GlyNAC is not a branded drug. It is a supplement regimen combining two widely available amino acids:

• Glycine — the simplest amino acid and a direct precursor in glutathione biosynthesis.
• N-acetylcysteine (NAC) — an acetylated form of cysteine used clinically for decades as a mucolytic and as the antidote to acetaminophen overdose. NAC serves as the bioavailable source of cysteine, the limiting substrate in glutathione synthesis.

The logic is biochemical. Glutathione (GSH) is made in the cytosol of every cell by a two-step enzymatic reaction: glutamate and cysteine are joined by glutamate-cysteine ligase (the rate-limiting enzyme), then glycine is added by glutathione synthetase. In older adults, plasma and tissue glycine and cysteine concentrations fall, GSH synthesis rates drop, and intracellular GSH can be 30-40% lower than in young adults. At the same time, reactive oxygen species (ROS) production rises — largely from dysfunctional mitochondria — creating a widening gap between oxidant production and antioxidant capacity.

Sekhar's framing is that this imbalance is not a harmless consequence of aging but an upstream driver of mitochondrial dysfunction, insulin resistance, inflammation, and sarcopenia — several of the core hallmarks of aging.

The Science: Why Glutathione Matters

Glutathione is often described as the body's master antioxidant, but the label undersells its role. GSH:

• Directly scavenges free radicals including hydroxyl radicals and peroxynitrite.
• Serves as cofactor for glutathione peroxidases, which detoxify hydrogen peroxide and lipid peroxides.
• Regenerates vitamins C and E in their active reduced forms.
• Conjugates with xenobiotics in phase II detoxification.
• Regulates redox signaling through reversible S-glutathionylation of proteins, affecting everything from transcription factor activity to mitochondrial permeability.

Mitochondria are particularly dependent on GSH because they generate most cellular ROS as a byproduct of oxidative phosphorylation. Mitochondrial GSH depletion leads to proton leak, reduced ATP production, mitochondrial membrane damage, and eventually mitophagy failure or apoptosis. This ties GSH depletion directly to the mitochondrial dysfunction hallmark of aging.

Sekhar's earlier work in HIV patients (who experience accelerated aging phenotypes) established that GlyNAC supplementation could restore GSH synthesis rates, reduce oxidative stress markers (F2-isoprostanes, protein carbonyls), and improve mitochondrial bioenergetics. That foundation set up the older-adult trials.

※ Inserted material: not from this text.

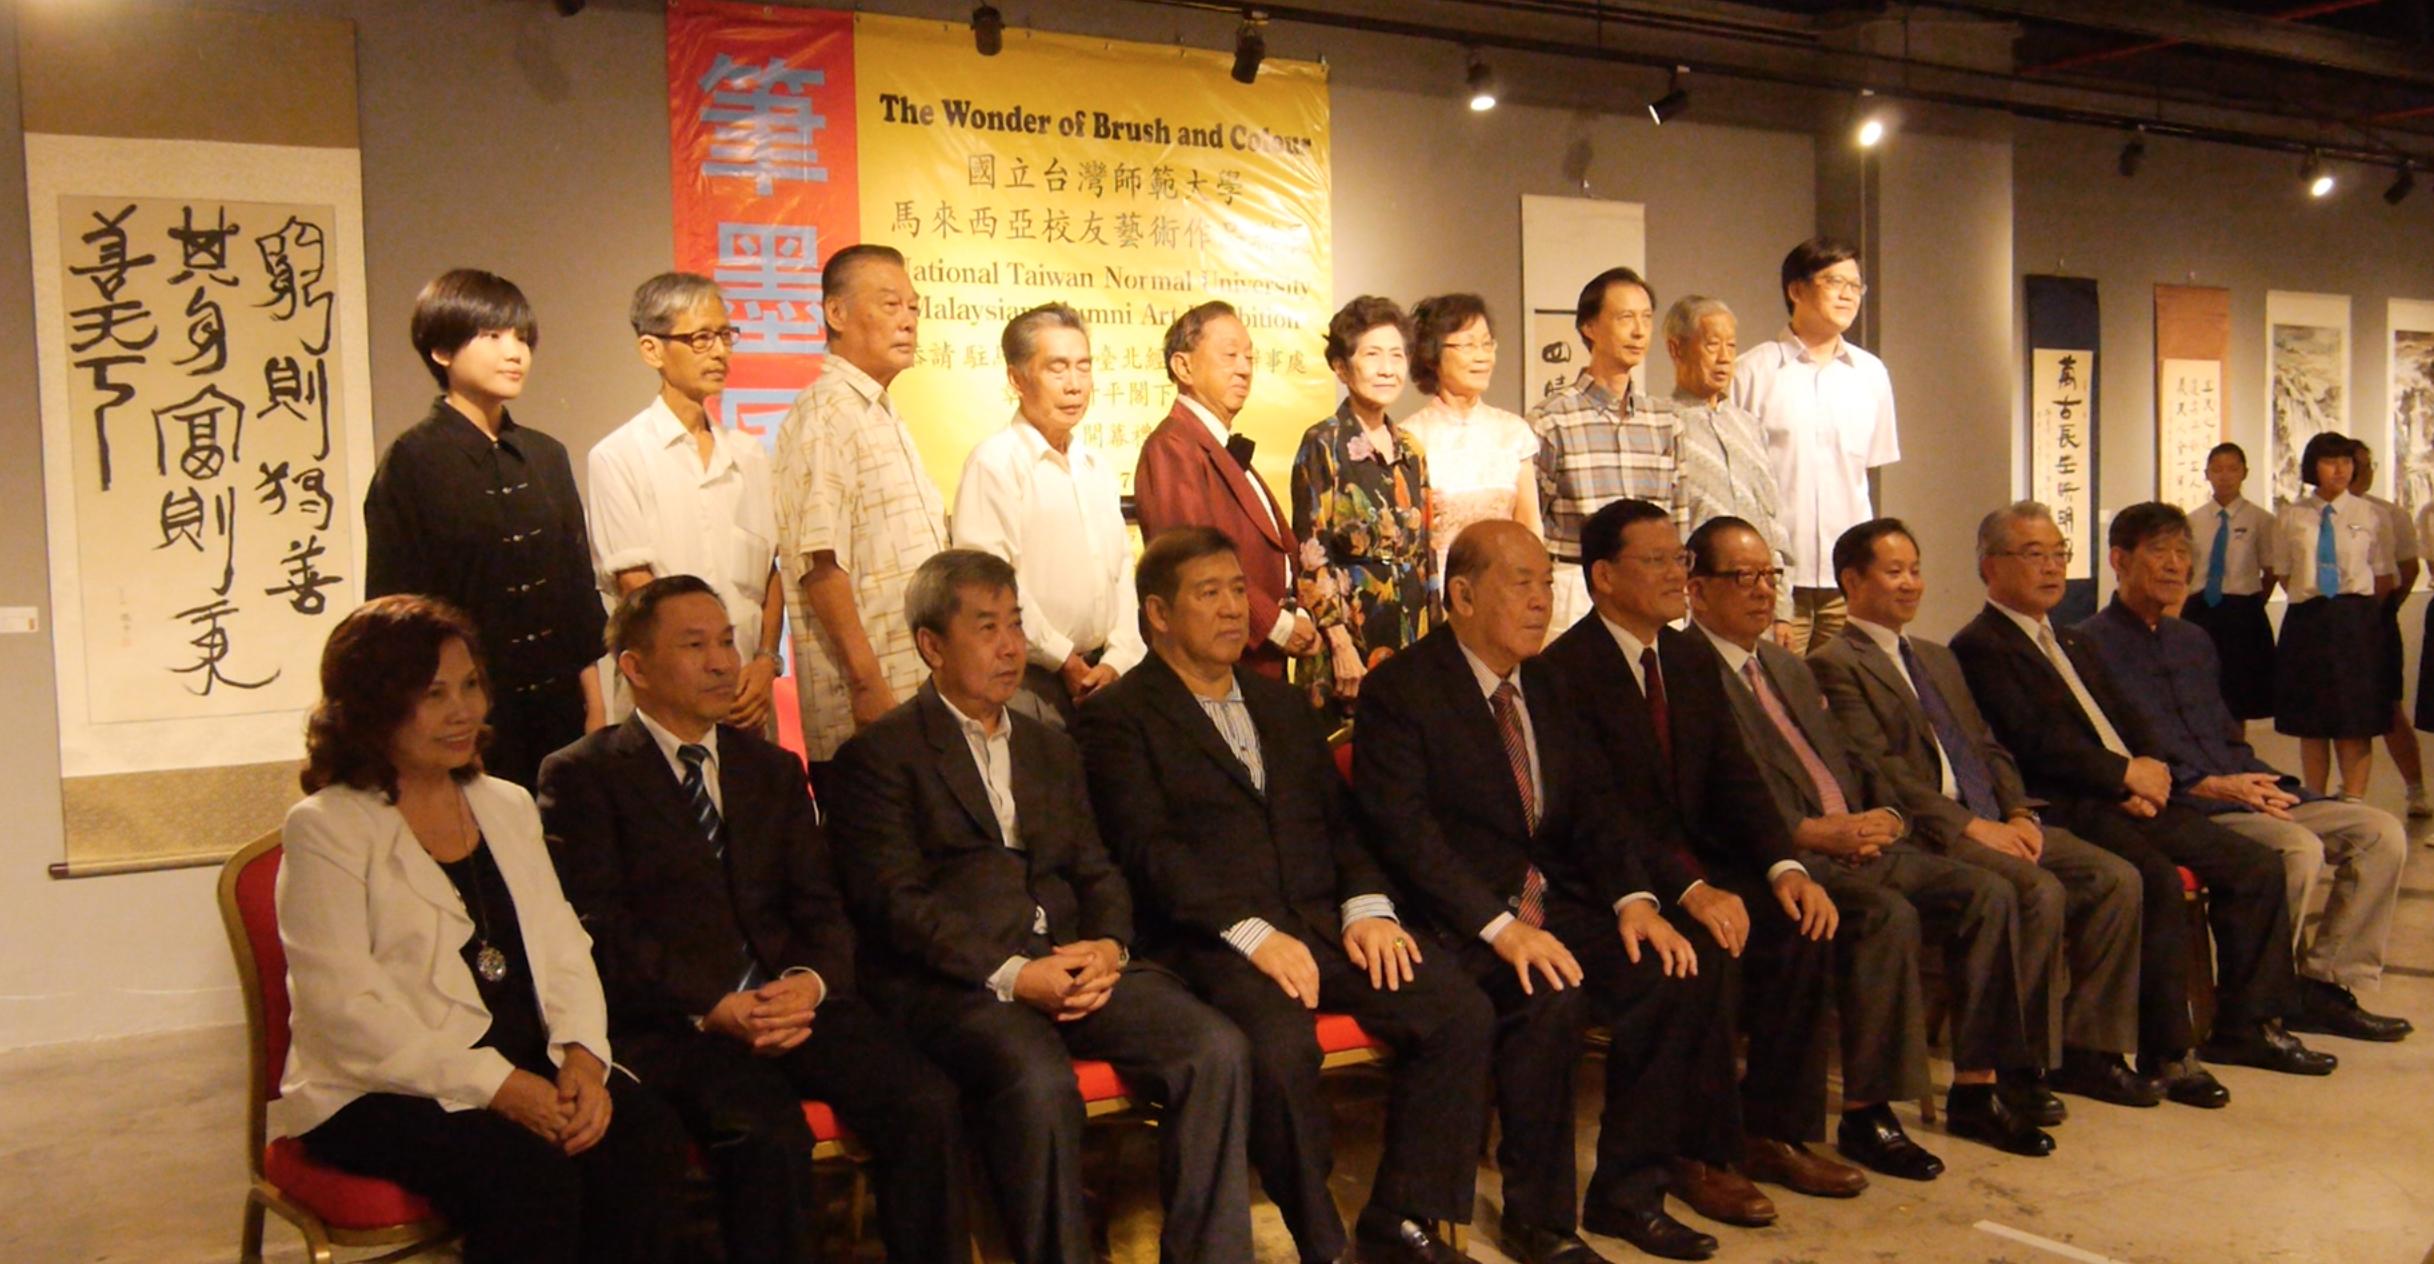 章大使計平(前排左6)、YTL集團董事主席楊忠禮博士(前排右4) 和與會貴賓合影留念。
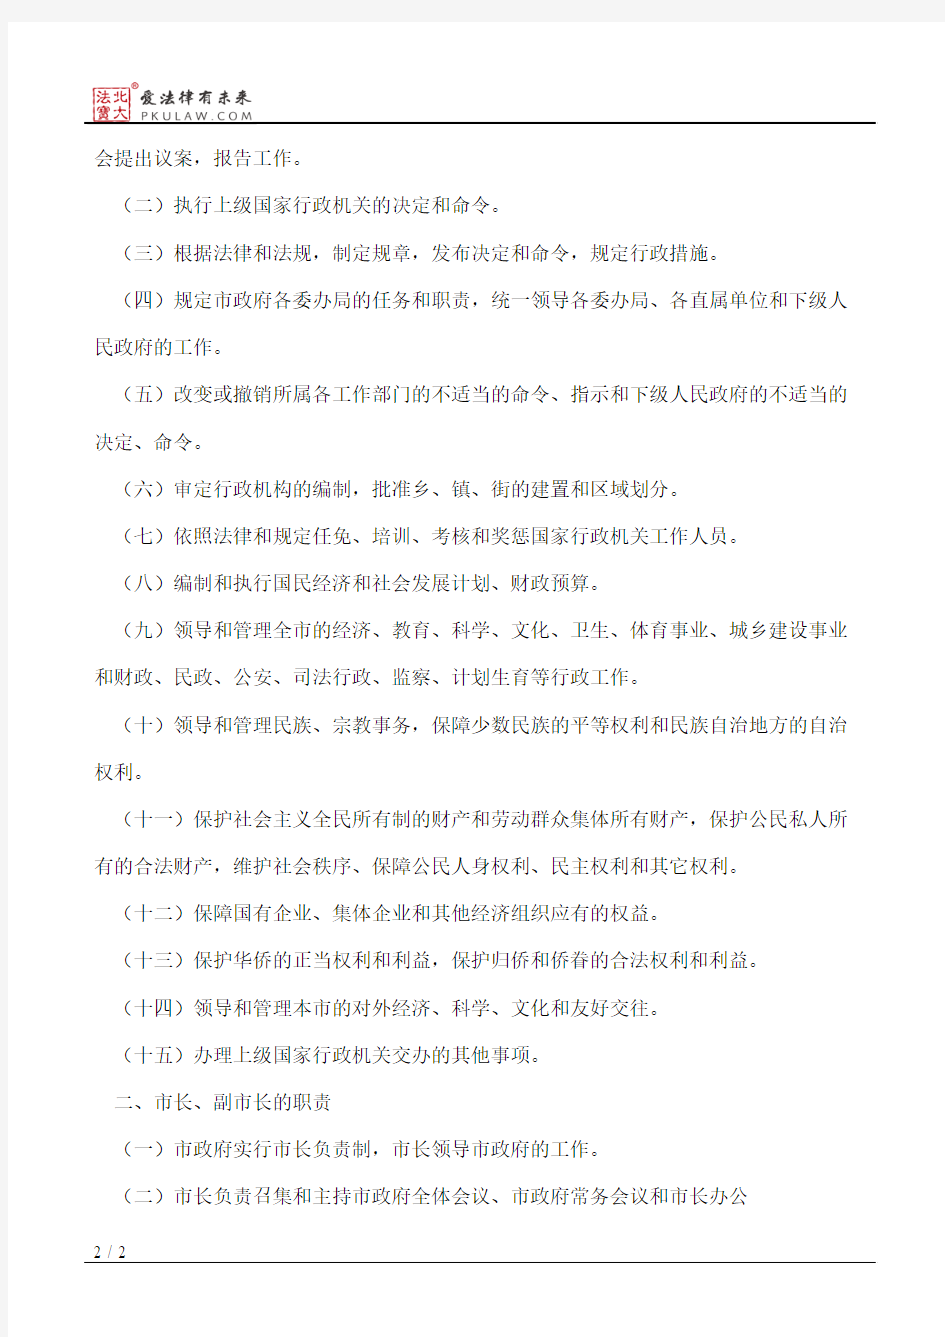 天津市人民政府印发《天津市人民政府工作规则》的通知

The Evidence: The Key Trials

Kumar et al. 2021 (Clinical & Translational Medicine). This pilot open-label study gave eight older adults (ages 70-80) GlyNAC for 24 weeks at doses of 100 mg/kg/day glycine and 100 mg/kg/day NAC. Outcomes included GSH, oxidative stress markers, mitochondrial function, insulin resistance, inflammation, endothelial function, genotoxicity, muscle strength, gait speed, exercise capacity, and cognition. The results were striking across nearly all domains. But with eight participants and no control group, the study was hypothesis-generating rather than confirmatory.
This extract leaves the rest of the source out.